Being a good person was a stupid idea. Months later and the closest thing to a romantic interest was Tiberius. And I hadn't seen Professor Malfoy sneak into my mom's room since we got back to school. Coming to terms with the fact that my mom hated my dad was not just a one step process. My whole childhood came crashing down. I knew my mom was quiet and all, but I never understood that meant that something was wrong. They were the only thing that I had to base love off of. Now that I realized it, I wanted to make her happy. Maybe if she had Draco back, then she would love me. But they're both married and avoiding each other.

Tiberius' POV

I was pretty sure that everyone thought that things for me were the same. As if I didn't notice something was wrong. With all of them. It started when Cindy and Scorpius got together. They giggled and other cheesy stuff but it was weird. It wasn't the trademarked Cindy laugh anymore. And she barely talks to me. Six years of being best friends and she won't tell me what's wrong. My mum's angry about my grades. She's angry about everything. I thought being in Slytherin would be good enough for her. I'd just go to parties and forget about it. That was all that I could think to do. Nothing was wrong when you were dizzy with an empty bottle, making out with a girl you met that night.
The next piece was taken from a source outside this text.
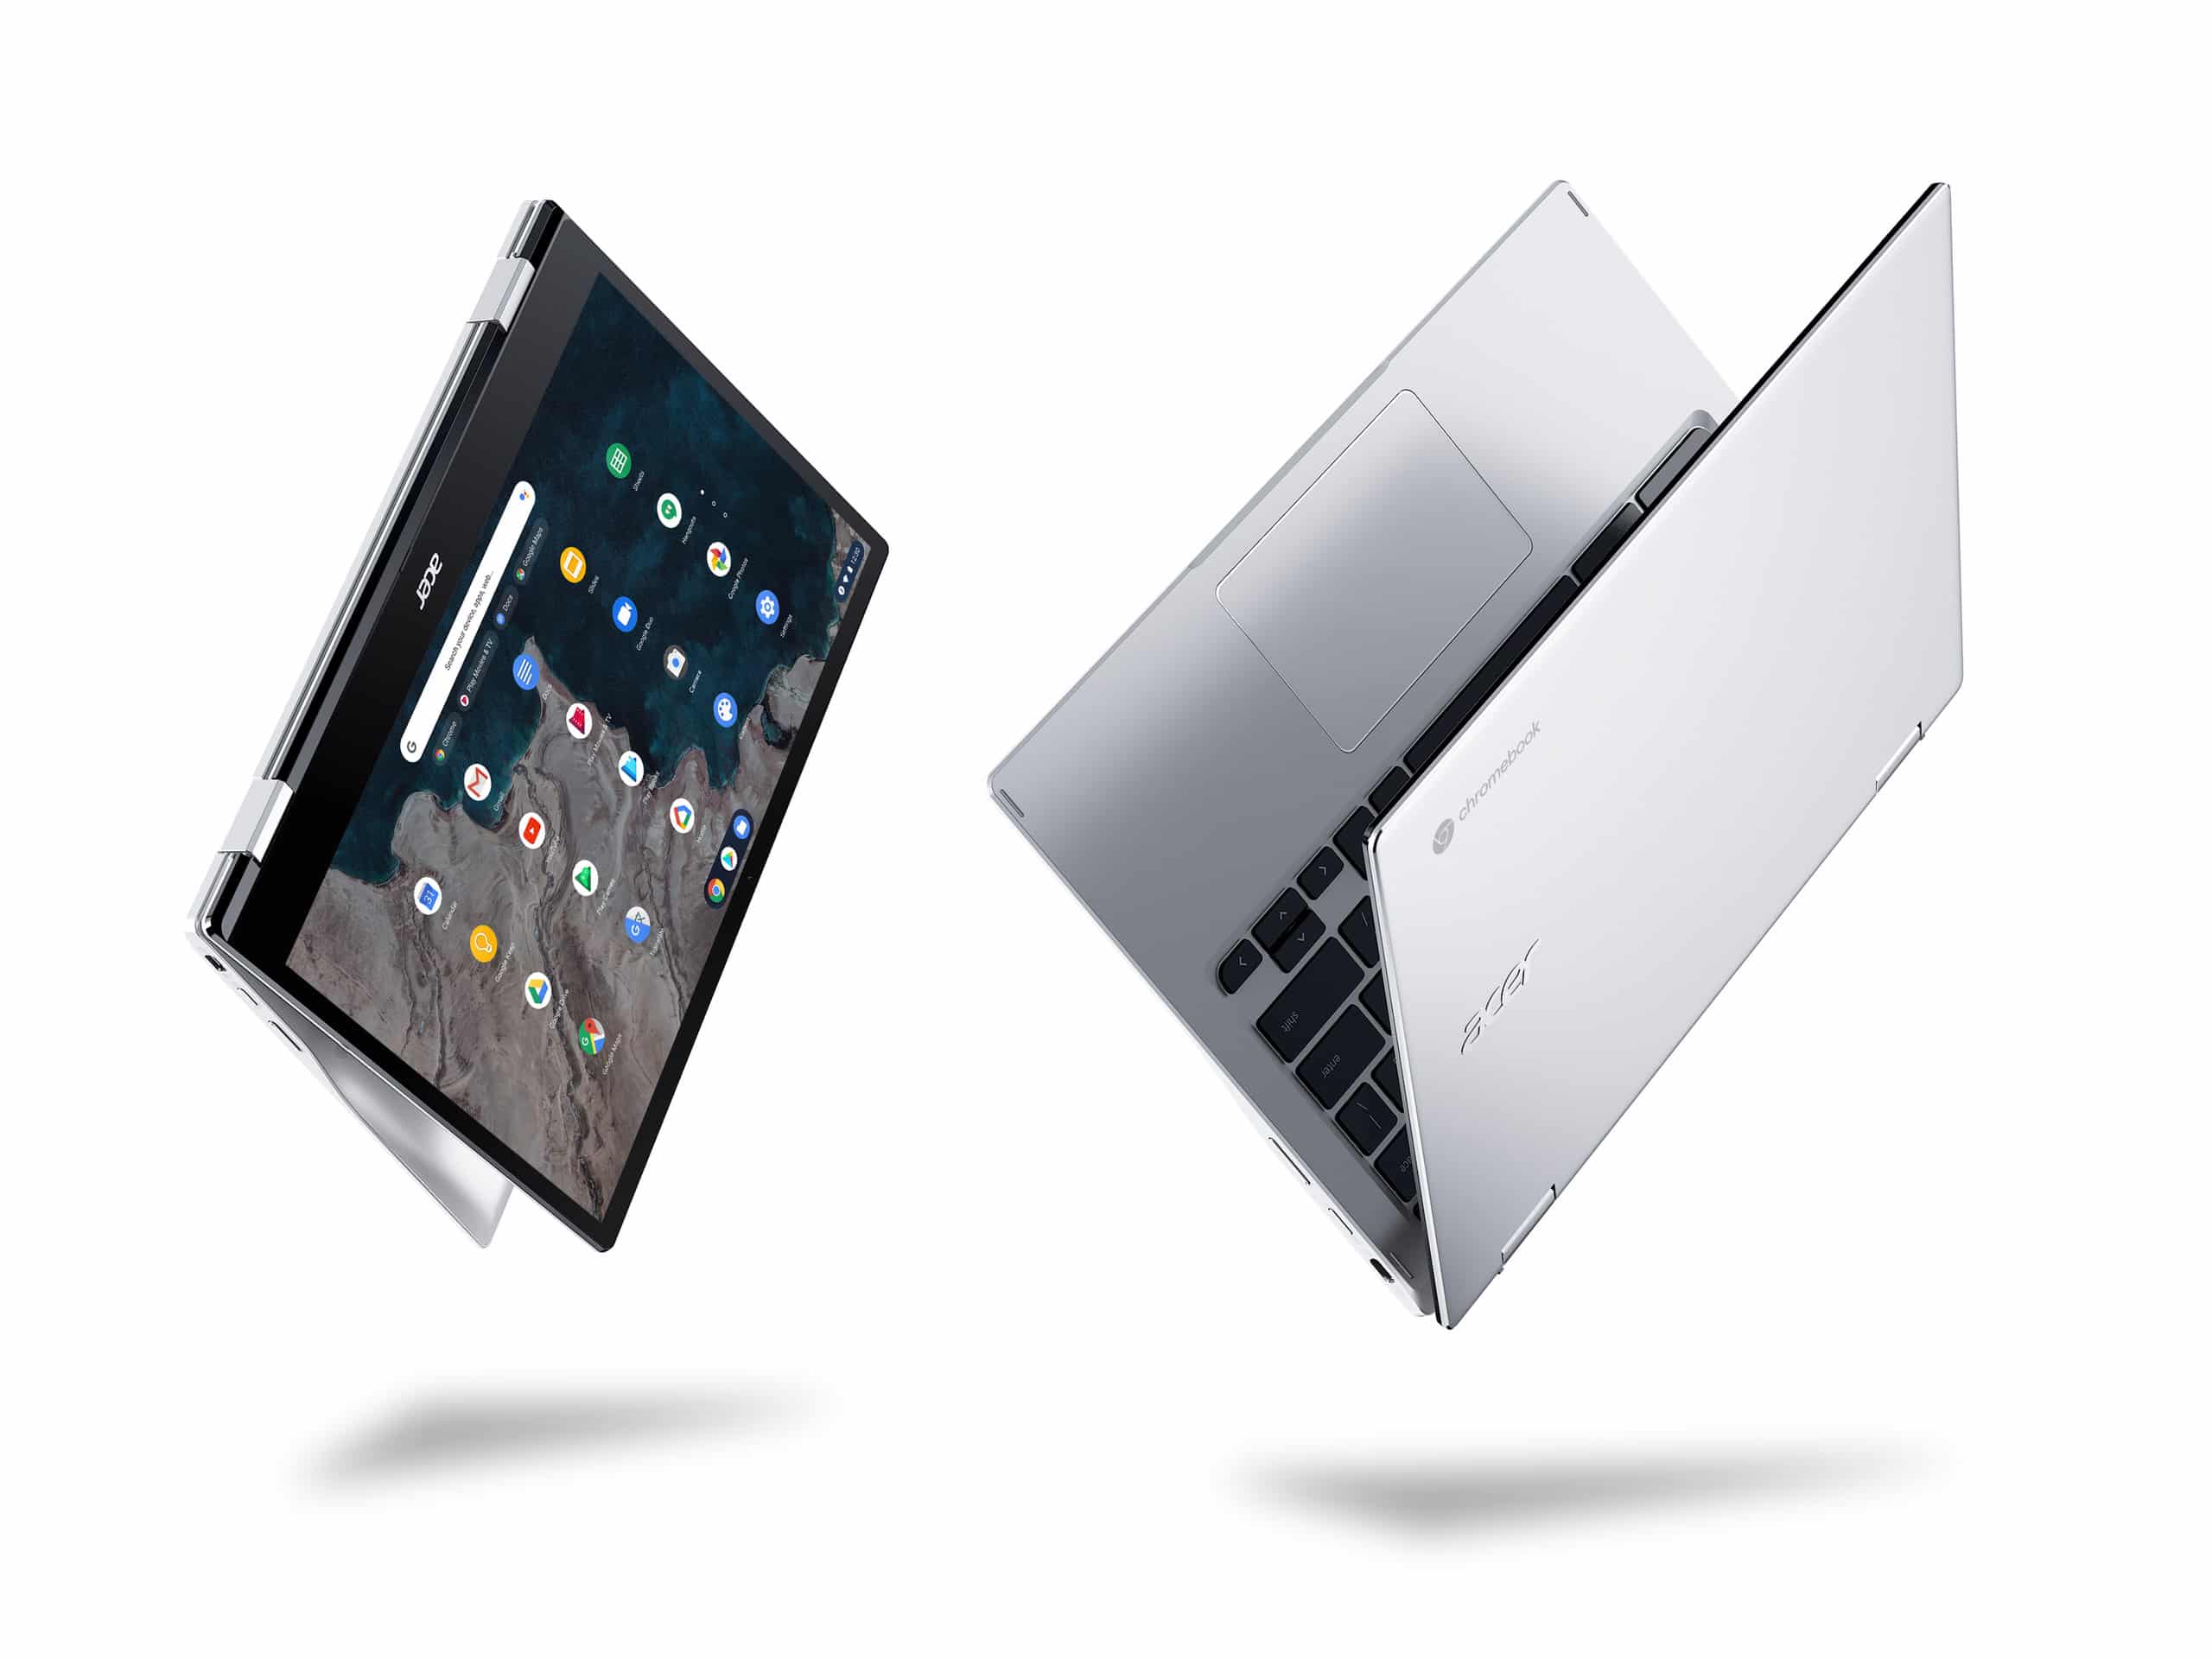 Acer lần đầu công bố Chromebook trang bị chip Qualcomm Snapdragon 7c với thiết kế siêu di động, hỗ trợ 4G LTE
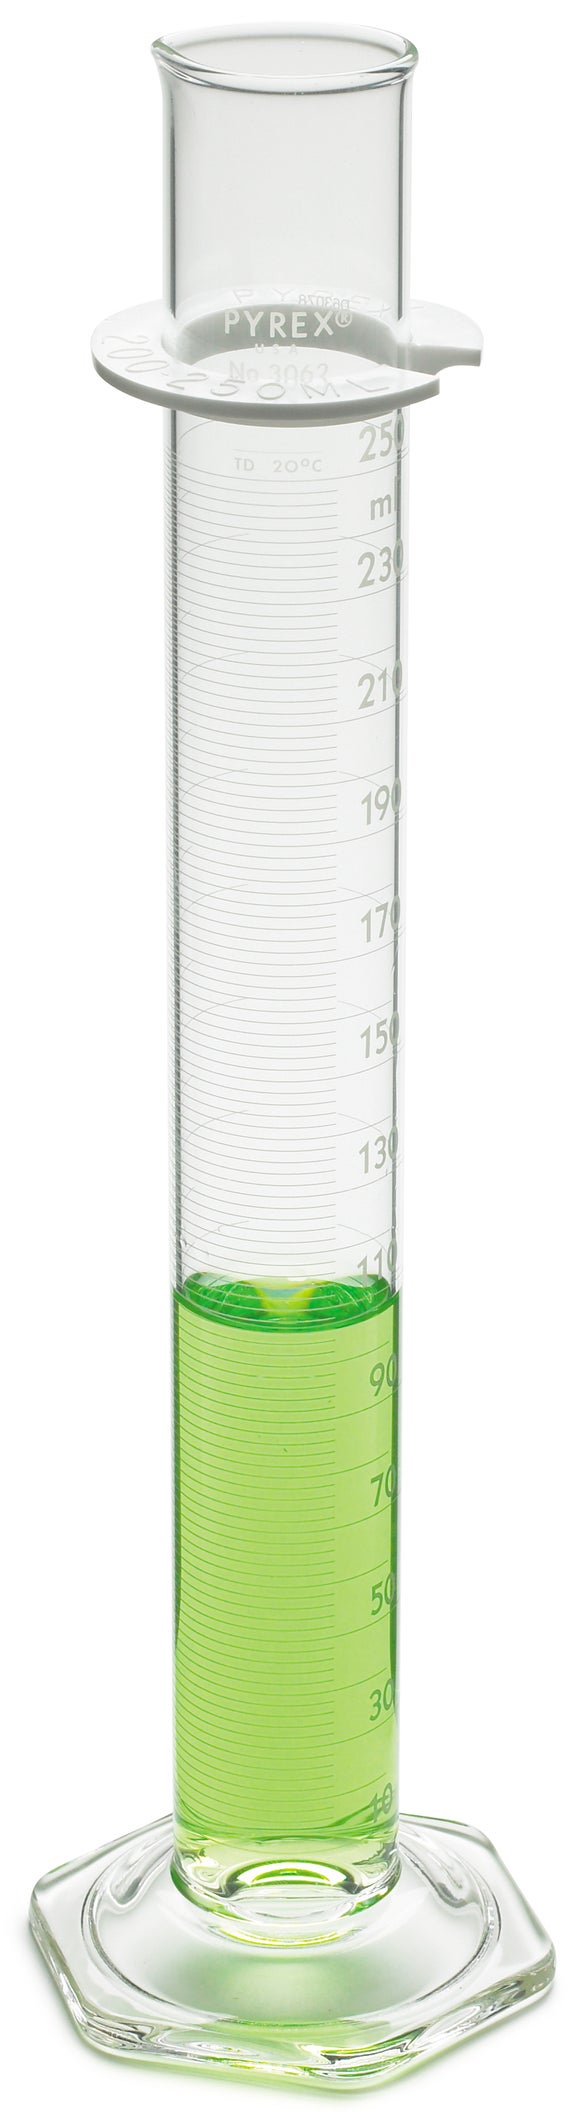 Zylinder, mit Skala, zertifiziert, 100 mL

Nothing was right either, but that was for another day.

Scorpius' POV

I didn't know that this was how it would go when she walked into that classroom for our study group. I was just trying to be the cool older boy that made her feel better. It worked and she had this adorable crush and I could tell and I loved it, but then I saw her sweet little smile and noticed how her tongue stuck out of her mouth when she concentrated on something. I saw how scared she was on that broom and I caught her and it was over. I couldn't even keep it from myself. But I was determined to keep it from her. So I told her I didn't like her. I thought if she dated Dorian then I'd get over it. But she cried. And I kissed her. And I'm wondering whether or not it was the worst mistake of my life. She always pulls away first when we kiss and she never makes the plans for our dates and when she laughs at my jokes it looks fake and maybe I'm just anxiously overanalyzing all of the details or maybe I've lost all leverage.